Eytan Elbaz is an American entrepreneur and investor best known for co-founding, along with his brother Gil Elbaz and Adam Weissman, Applied Semantics (ASI), which would later become Google AdSense. He is an angel investor and founder of many Los Angeles companies, most notably Scopely, a mobile gaming startup. He is also the founder and Chairman of the Board of Render Media, a new-age digital media start up.

Education
Beginning in 1991, Eytan attended the University of California, Los Angeles, where he graduated with a Bachelor of Science in Computer Science and Engineering in 1995.

Career
After graduation, Elbaz worked in software sales for four years. In 1999, Elbaz co-founded Oingo, Inc in Santa Monica. Oingo launched at the Fall 1999 Internet World, and won the "Best of Show" Award in the category of Outstanding Internet Service. Oingo launched AdSense in December 2000. Oingo changed its name to Applied Semantics in 2001.
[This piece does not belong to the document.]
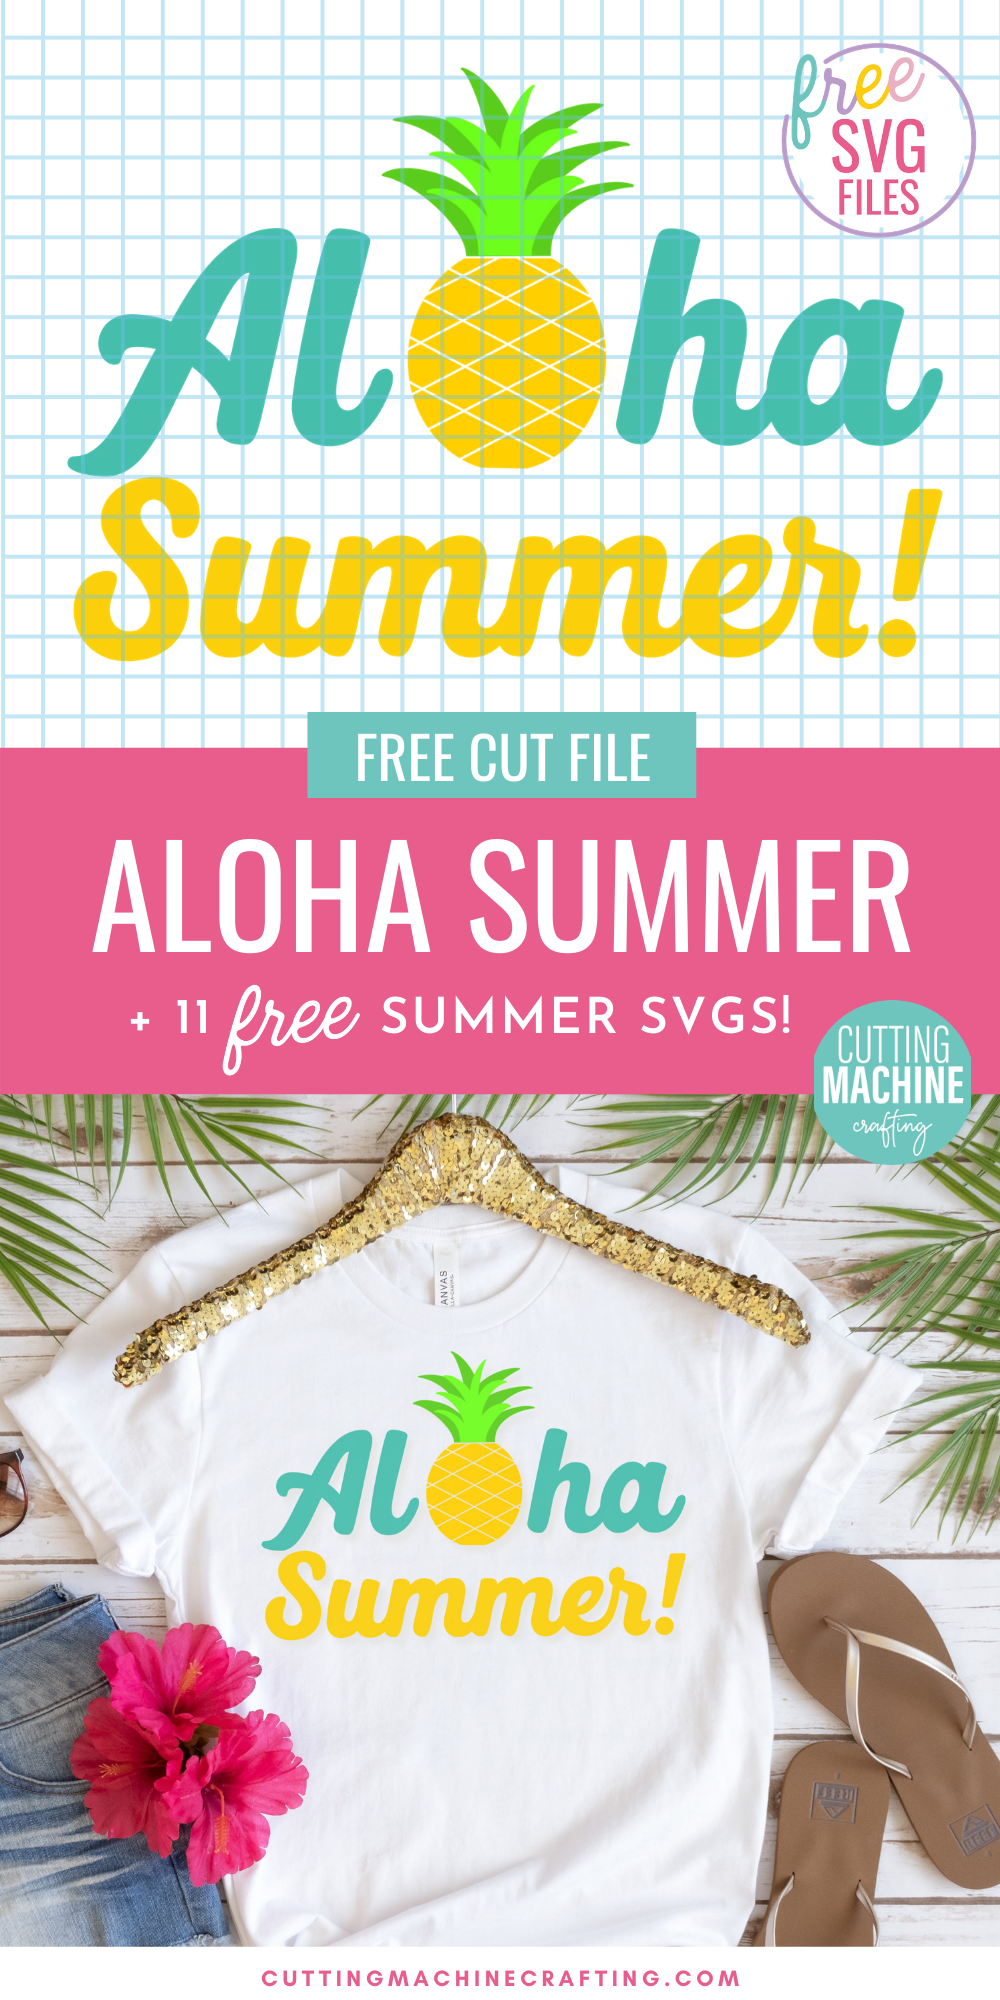 Get in the Aloha spirit with this summery Aloha SVG file along with 11 summer cut files from some of your favorite craft bloggers! The Aloha Summer Cut File includes a pretty geometric pineapple! Make shirts, tank tops, onesies, beach bags and more using your Cricut Maker, Cricut Explore Air 2, Cricut Joy or other electronic cutting machine.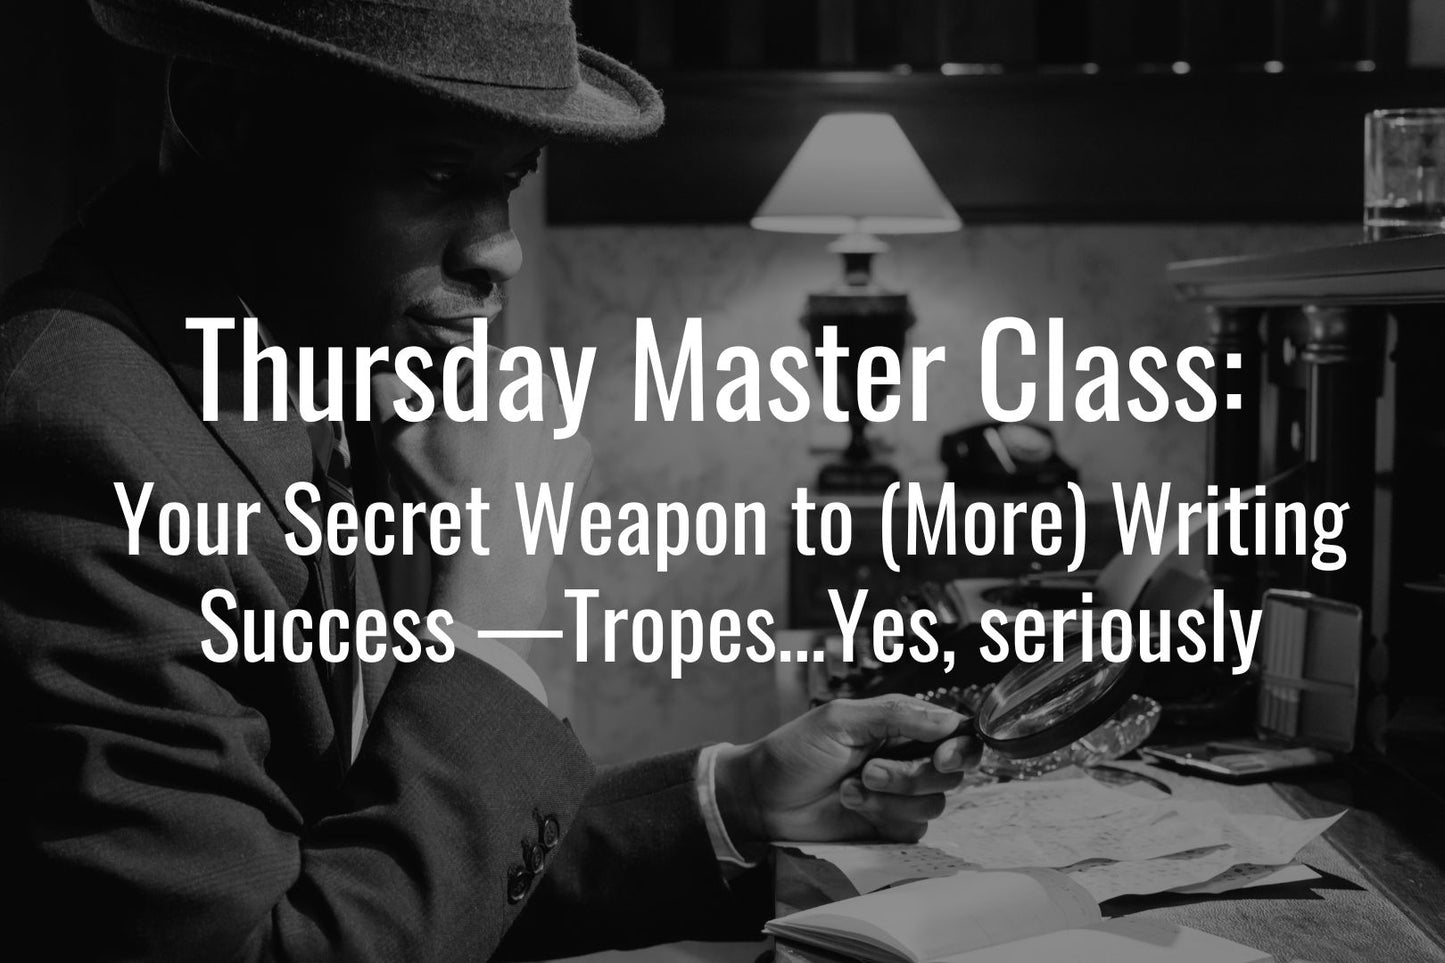 Thursday Master Class: Your Secret Weapon to (More) Writing Success —Tropes…Yes, seriously

In April 2003, Applied Semantics was acquired by Google for US$102 million in a deal that included pre-IPO Google company stock. As part of the acquisition deal, Elbaz, and over 40 members of the Applied Semantics team joined Google and became Google Santa Monica. Elbaz served as Head of Domain Channel at Google from 2003 to 2007.

References

American investors
University of California, Los Angeles alumni
Living people
Year of birth missing (living people)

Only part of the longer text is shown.